Preliminary results demonstrate early evidence of safety and potential efficacy. There were visible improvements in multiple disease-related skin lesions after receiving the therapy. They are collecting more data on more patients. To date, it has received $6.6 million in CIRM funding.
As a unique immuno-oncology approach (using the body’s immune system to battle cancer), CIRM is funding Forty Seven Inc. to conduct a clinical trial for patients with acute myeloid leukemia (AML) and myelodysplastic syndrome (MDS), both of which are forms of cancer. They have received Fast Track and Orphan Drug designation from the FDA.
The trial is using an antibody blocking CD47, a “don’t eat me” signal, which allows the body’s own immune cells to seek and destroy cancerous stem cells. This is combined with chemotherapy to render the cancer stem cells more susceptible to immune destruction. This trial has received $5 million in CIRM funding thus far.
Other registration phase trials in the CIRM portfolio include the following Phase 3 trials:
Brainstorm Cell Therapeutics, for a fatal debilitating neurodegenerative disease, Amyotrophic Lateral Sclerosis (Lou Gehrig’s disease). That company has completed enrollment and expects top line results in the final quarter of 2020.
Humacyte, which is testing bioengineered de-cellularized vessels that are implanted to create vascular access that is repopulated by the patients own stem cells to make it more like native vessel. The company is conducting two Phase 3 trials to compare this bioengineered vessel to synthetic grafts and to the patients’ own vessels for use in hemodialysis, a “life line” for patients with end stage renal disease. Humacyte was the first US FDA Cell Therapy program to receive the Regenerative Medicine Advanced Technologies (RMAT) in March 2017. To date, these trials have been awarded $24 million in CIRM funding.
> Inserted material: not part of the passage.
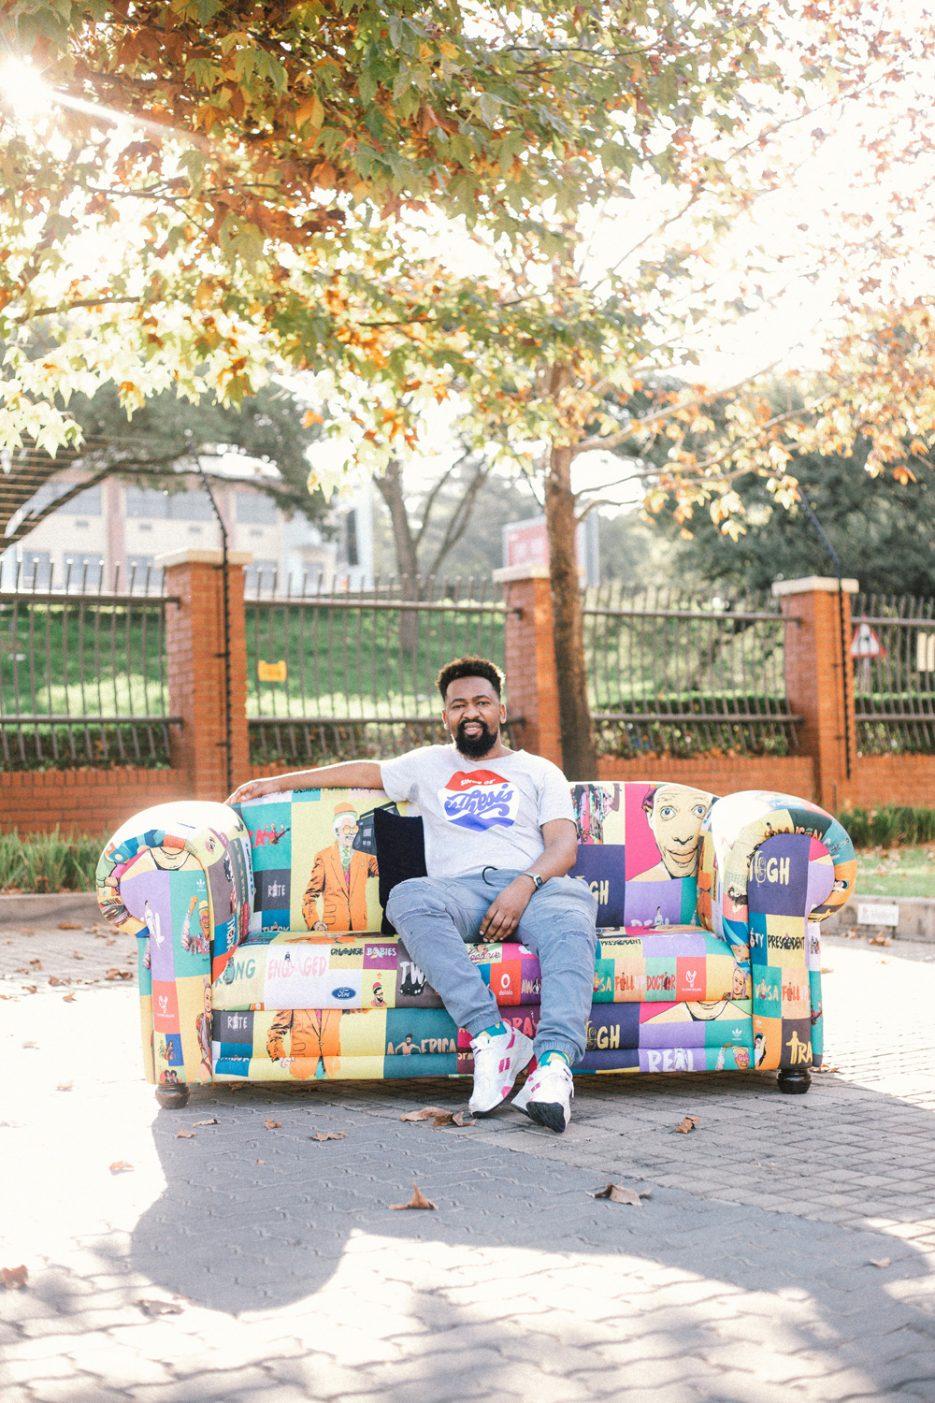 Graphic designer and illustrator David Tshabalala on a couch he designed. Image by Khotso Tsagaane.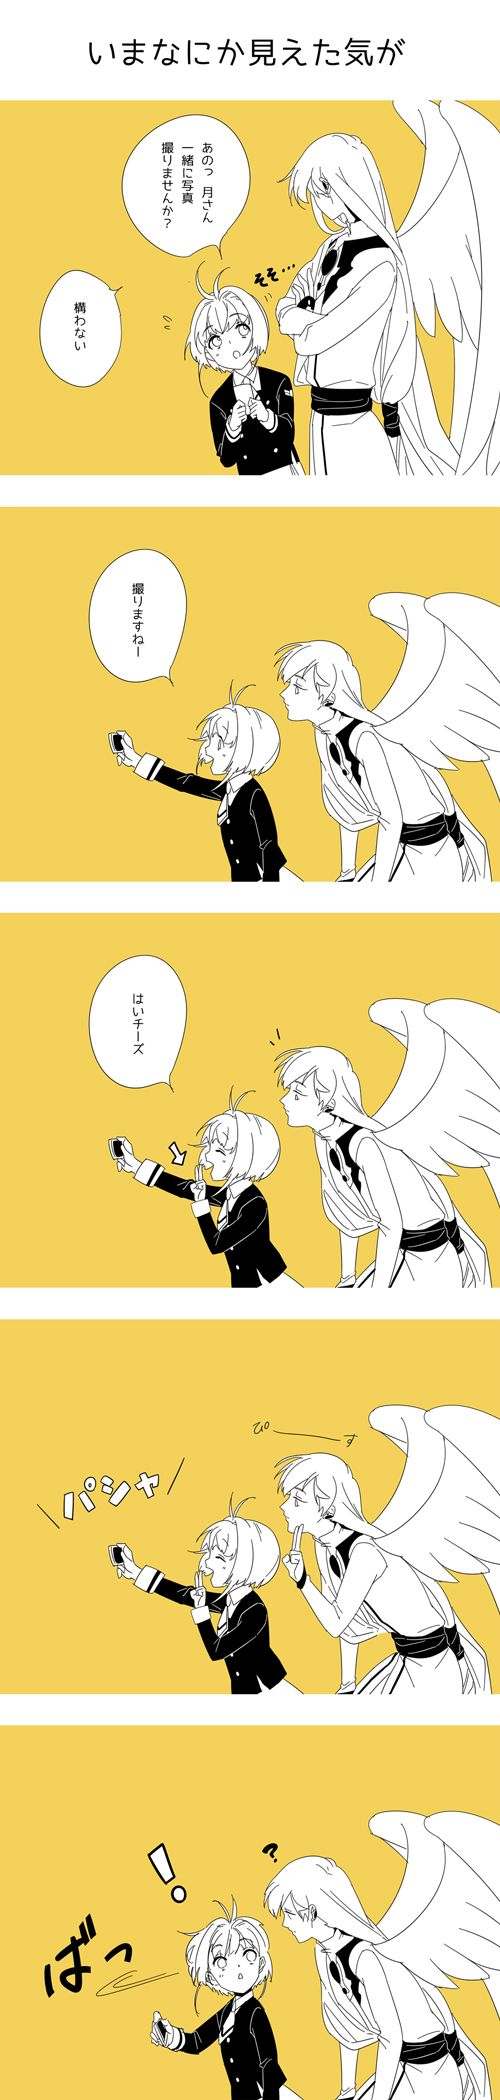 「CCさくらログ」/「柊馬」の漫画 [pixiv]

Medeor Therapeutics has received $11.2M in CIRM funding to conduct a Phase 3 trial in combined blood stem cell and kidney transplantation to induce immunologic tolerance so that the blood stem cells teach the patient’s immune system to recognize the transplanted kidney as its own. The goal is to remove the need for chronic immunosuppressive medications, that have its own complications. If successful, transplant recipients would not need to “trade one chronic condition for another.”